EXERCISE OBJECTIVE:
Output the data in full. Keep every word exact and exclude the pictures.

STORED DATA:

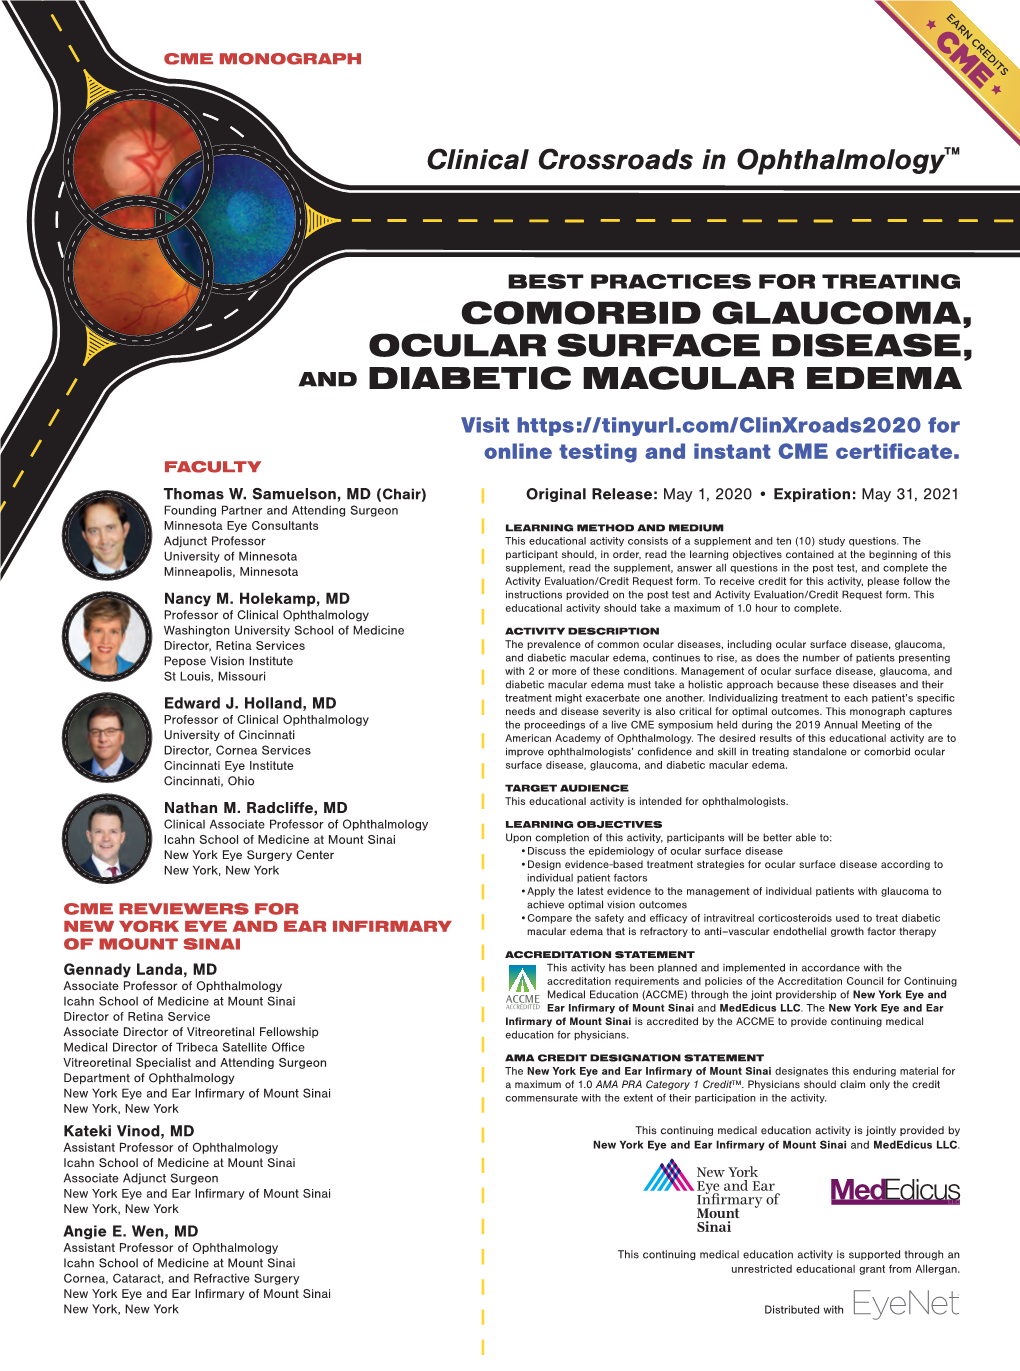 Comorbid Glaucoma, and Diabetic Macular Edema
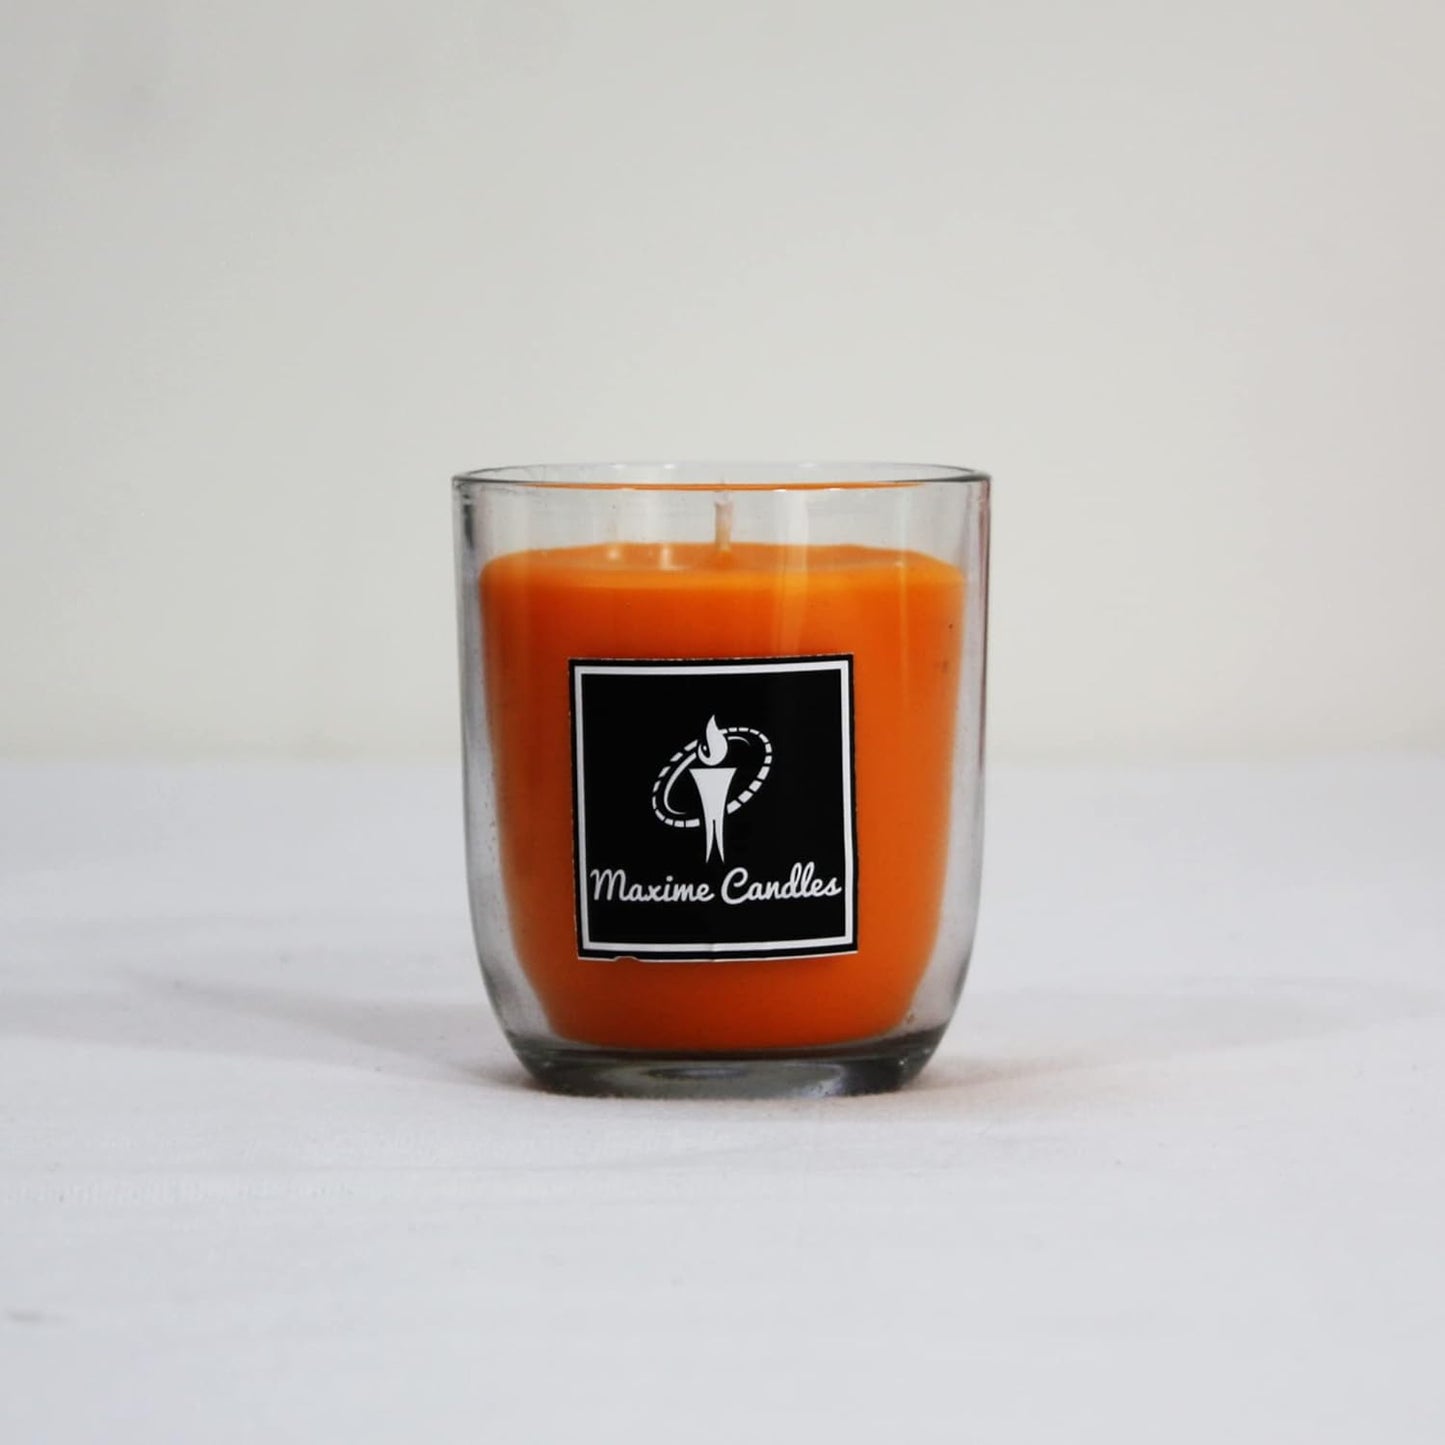 Mandarin Fragranced U Shaped Glass Jar Scented Candle
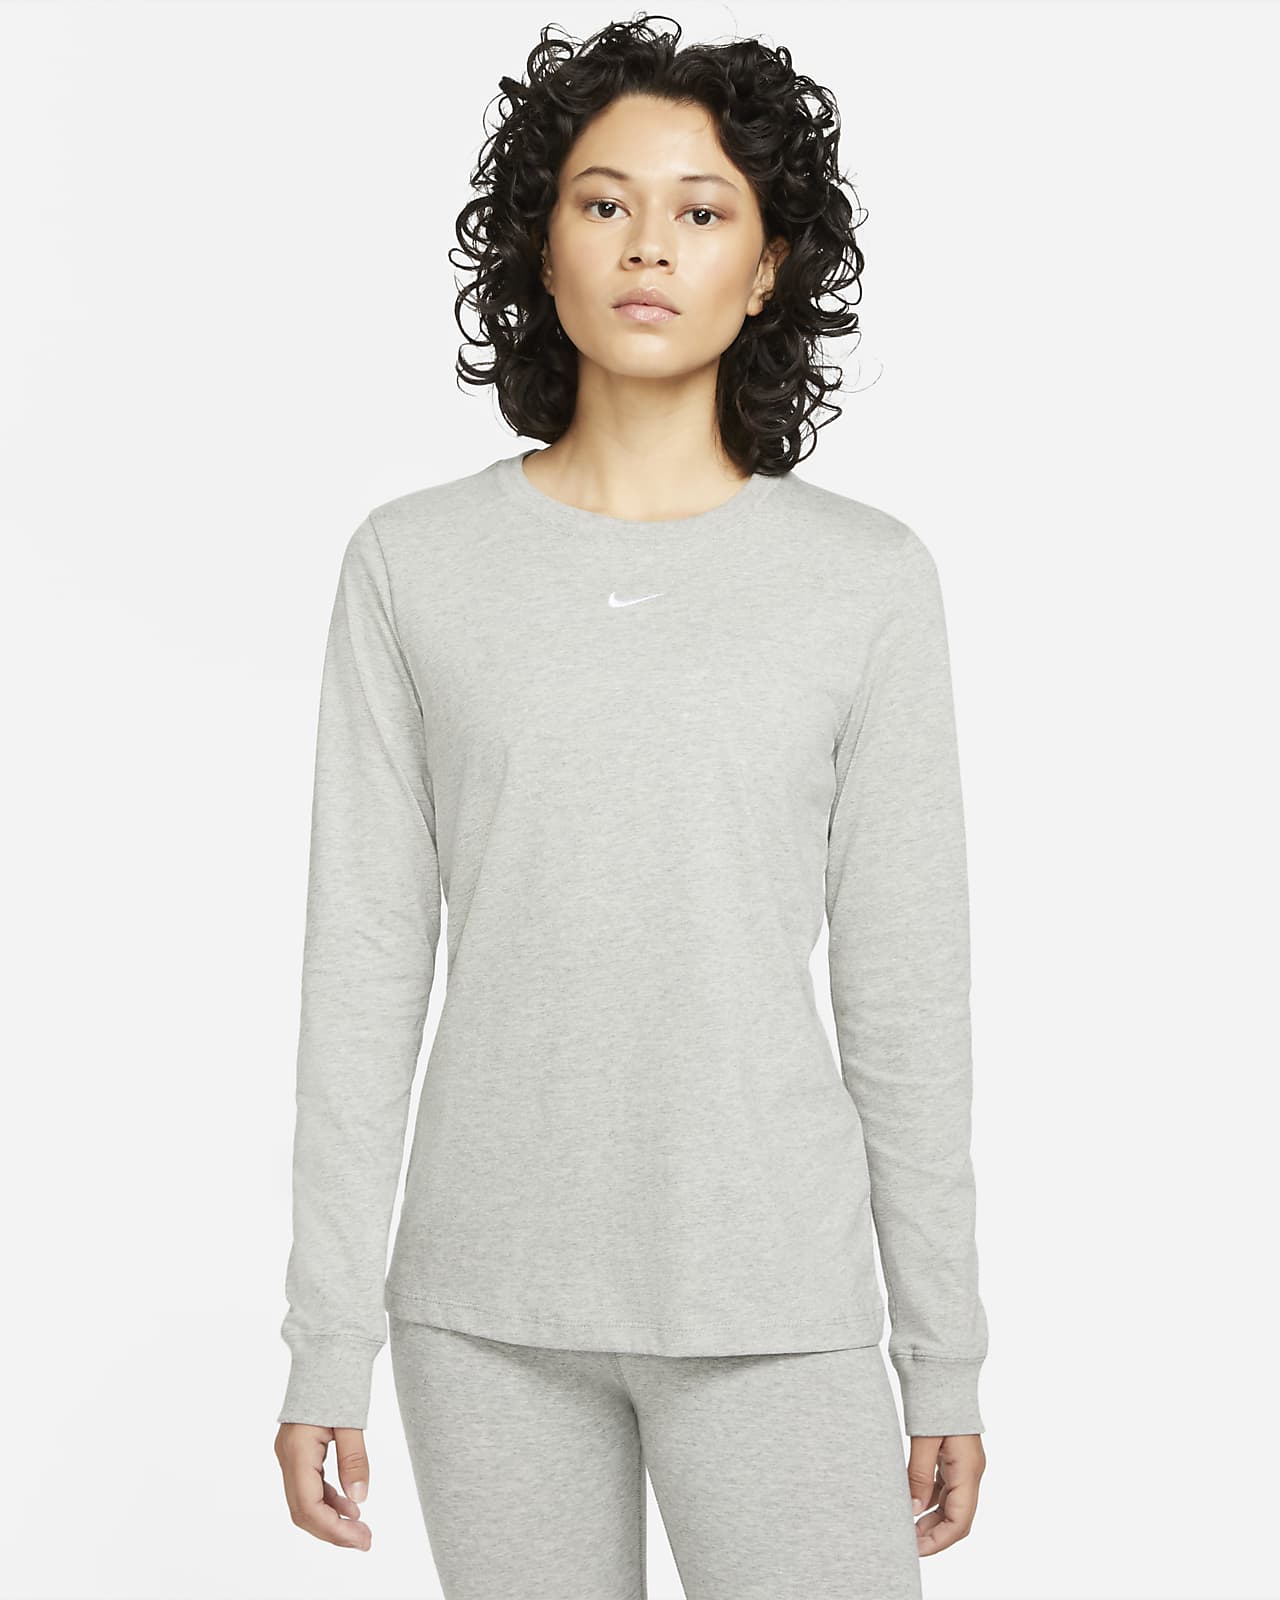 Nike Sportswear Langarm-T-Shirt für Damen

REPLY TO THE TASK:
 Comorbid Glaucoma, and Diabetic Macular Edema
 Mandarin Fragranced U Shaped Glass Jar Scented Candle
 Nike Sportswear Langarm-T-Shirt für Damen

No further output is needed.